Hatchery hopes circular tanks will improve sturgeon breeding

Hatchery International Staff
May 10, 2019
By Hatchery International Staff
The Neosho National Fish Hatchery, the oldest operating federal hatchery in the U.S., is located in the Ozark Mountain Region in southwest Missouri. More than 130 different species of fish have been raised at this hatchery since 1888. Today, the hatchery rears primarily rainbow trout, pallid sturgeon, and Topeka shiners. (Photo credit: Neosho National Fish Hatchery)
The Neosho National Fish Hatchery, the oldest operating federal hatchery in the U.S., is located in the Ozark Mountain Region in southwest Missouri. More than 130 different species of fish have been raised at this hatchery since 1888. Today, the hatchery rears primarily rainbow trout, pallid sturgeon, and Topeka shiners. (Photo credit: Neosho National Fish Hatchery)
The Neosho National Fish Hatchery in Neosho, Missouri, U.S.A., is banking on new circular water tanks to improve the breeding and reproduction environment of its pallid sturgeon (Scaphirhynchus albus), local community paper The Joplin Globe has reported.
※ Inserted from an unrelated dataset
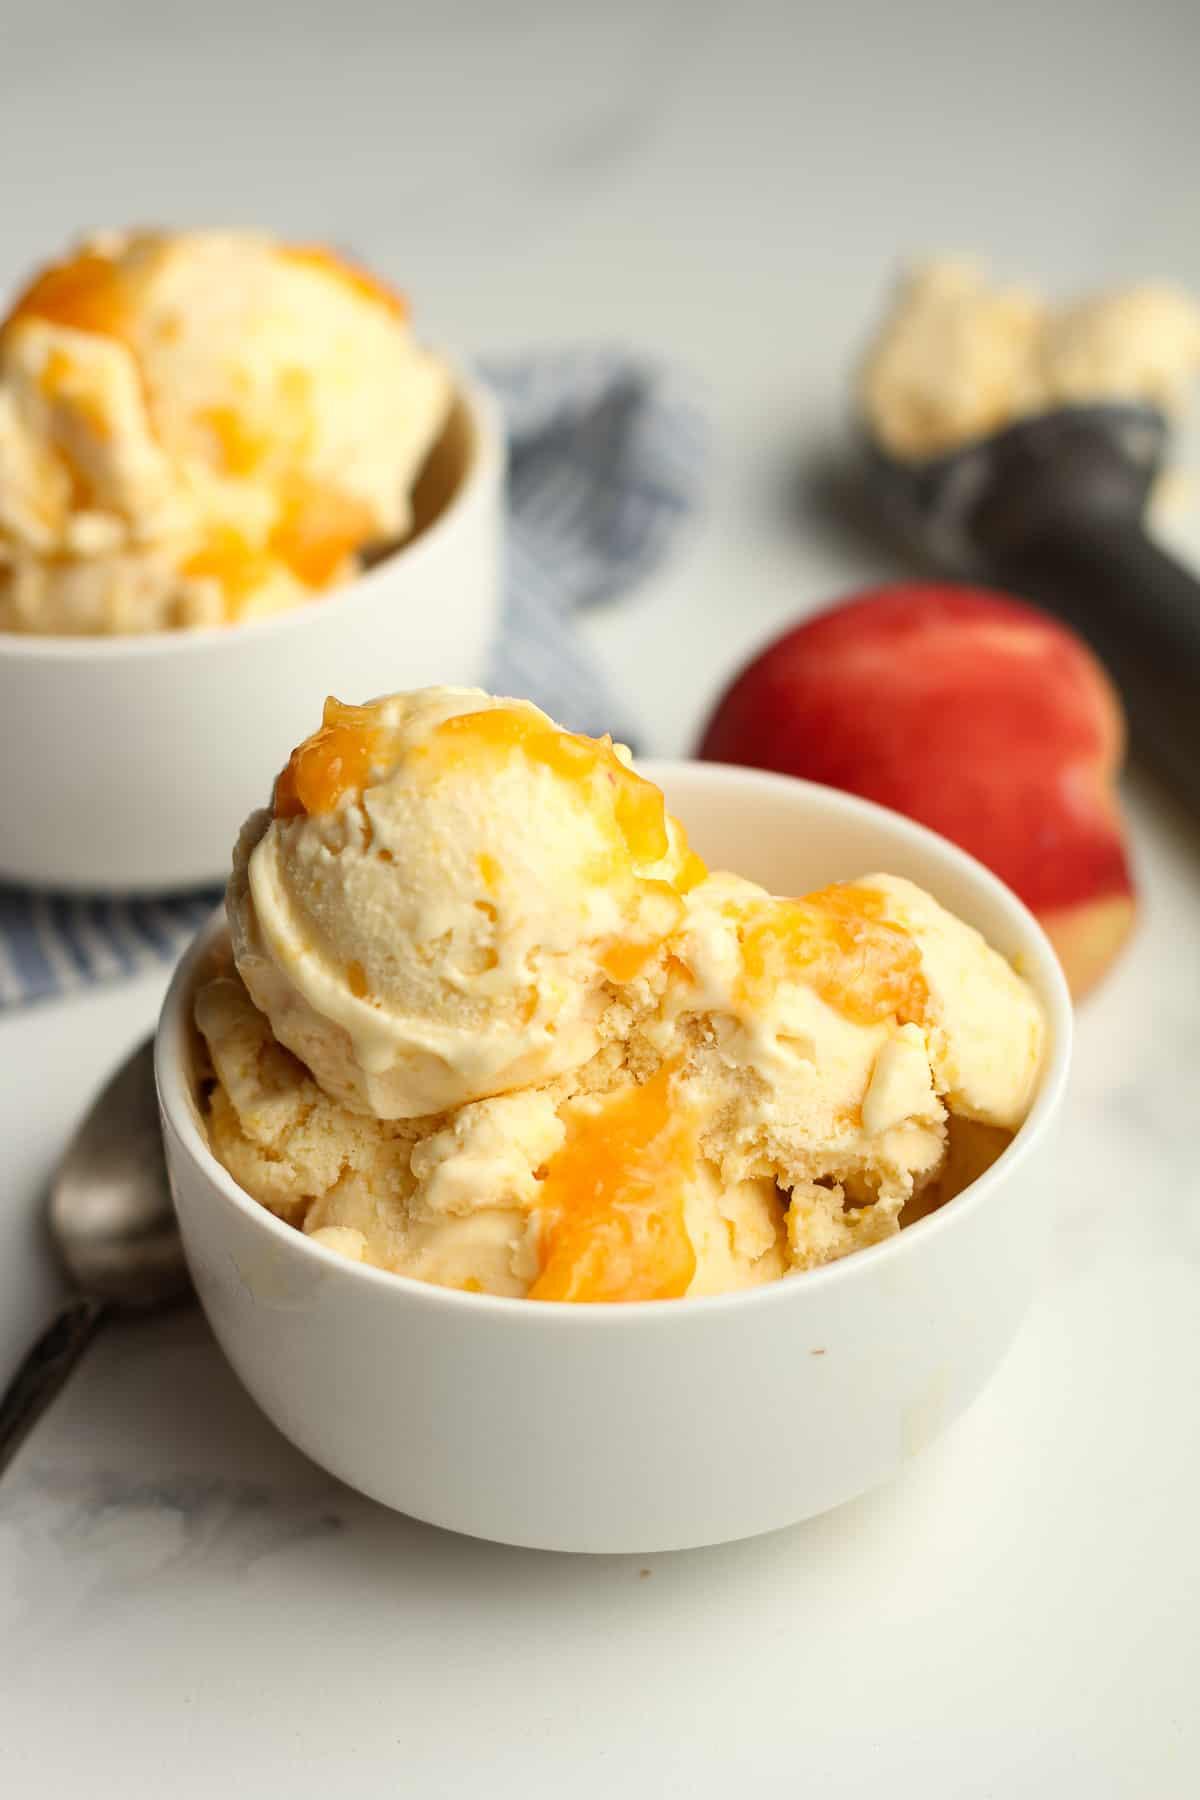 Closeup on a bowl of peach ice cream.

Pallid sturgeon have been in the federally endangered species list since 1990. They live in the Missouri River and parts of the Mississippi River. The Neosho National Fish Hatchery raises endangered pallid sturgeon for recovery efforts in the lower Missouri River.
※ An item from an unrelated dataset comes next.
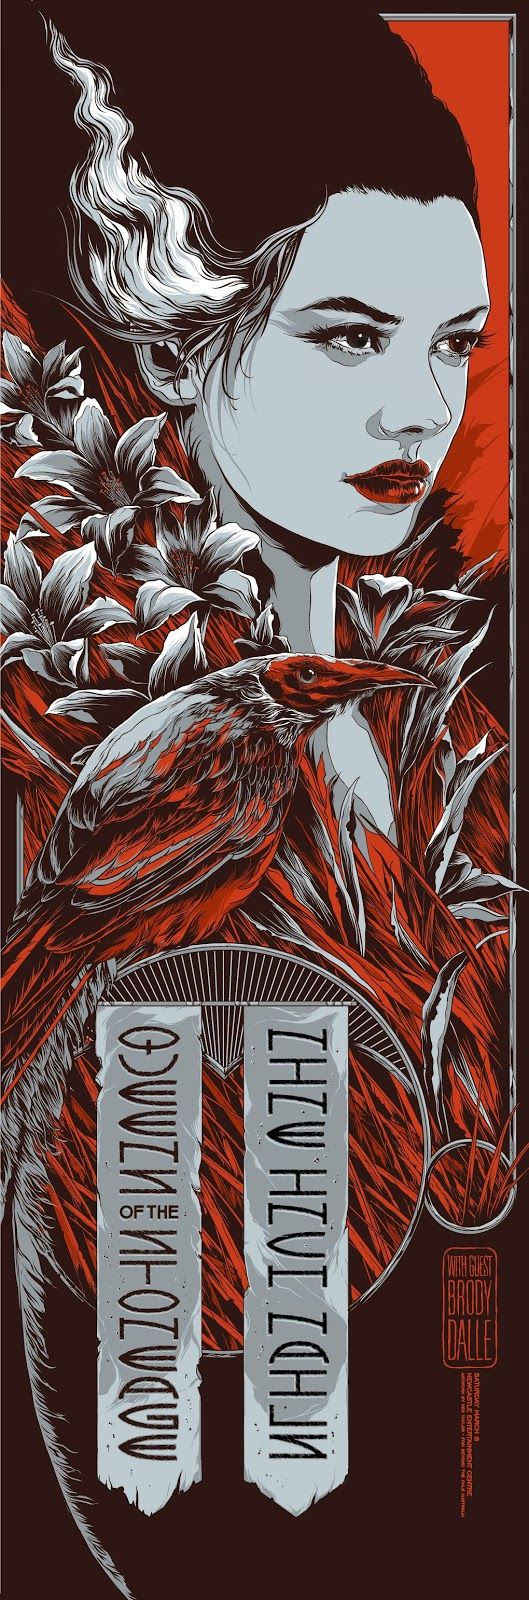 pinterest.com/fra411 #illustration - Ken-Taylor-Nine-Inch-Nails-Queens-of-the-Stone-Age-Sydney-Poster
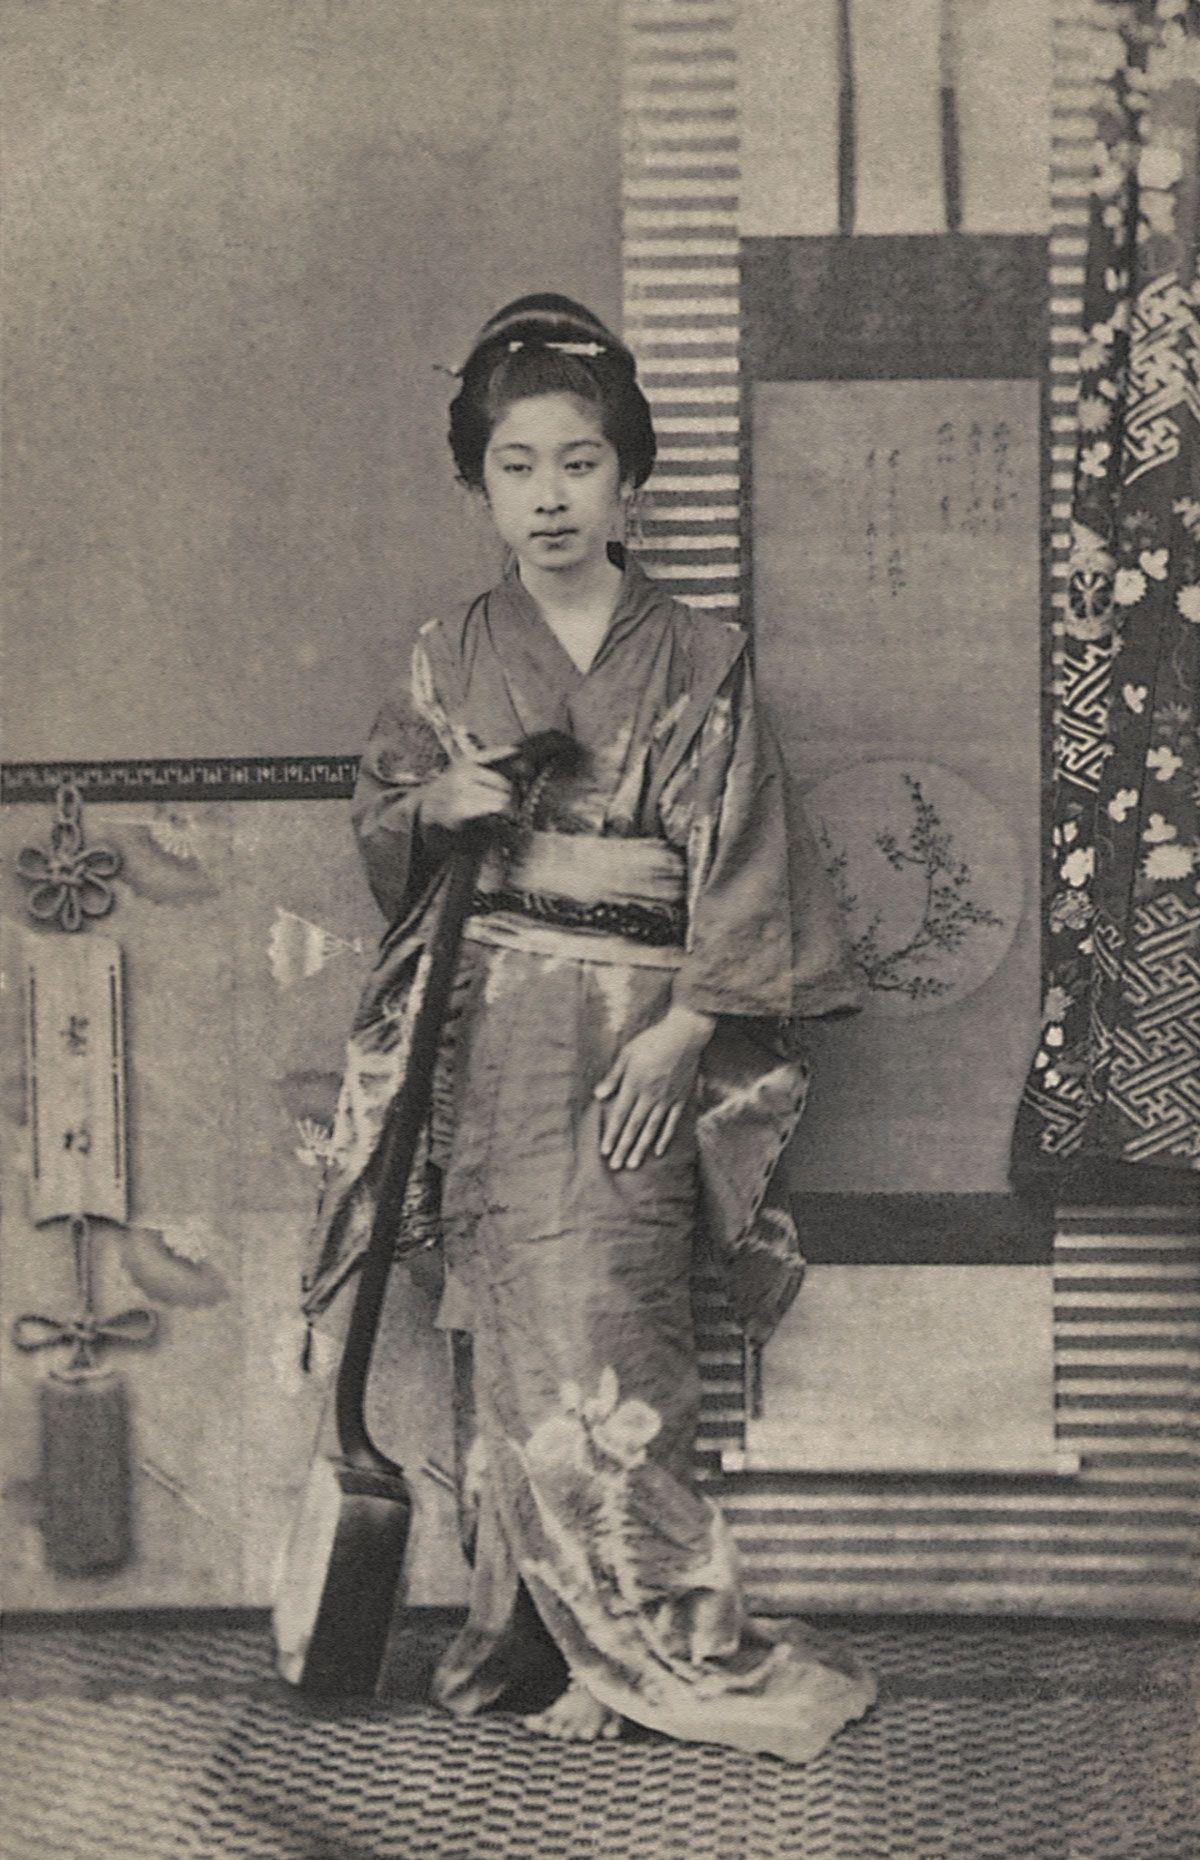 shimooka reno biography of william

Bruce Hallman, environmental education specialist with the hatchery, told The Joplin Globe that conservation officials and scientists have recommended that circular tanks might make for a better breeding environment for the species. The hatchery previously used large rectangular tanks.

“Basically, it’s just going to create an endless path for them to be able to swim,” Hallman said. “There will be a little current in there that will kind of mimic the river, and the thought is just that that’s going to keep them a little happier.”

According to the U.S. Fish and Wildlife Services, which manages the Neosho National Fish Hatchery, the pallid sturgeon is one of the least understood fish in the Missouri and Mississippi Rivers. Its population dramatically declined during the mid to late 1960s, when all of its habitat experienced modification through river channelization, construction impoundments and related changes in water flow.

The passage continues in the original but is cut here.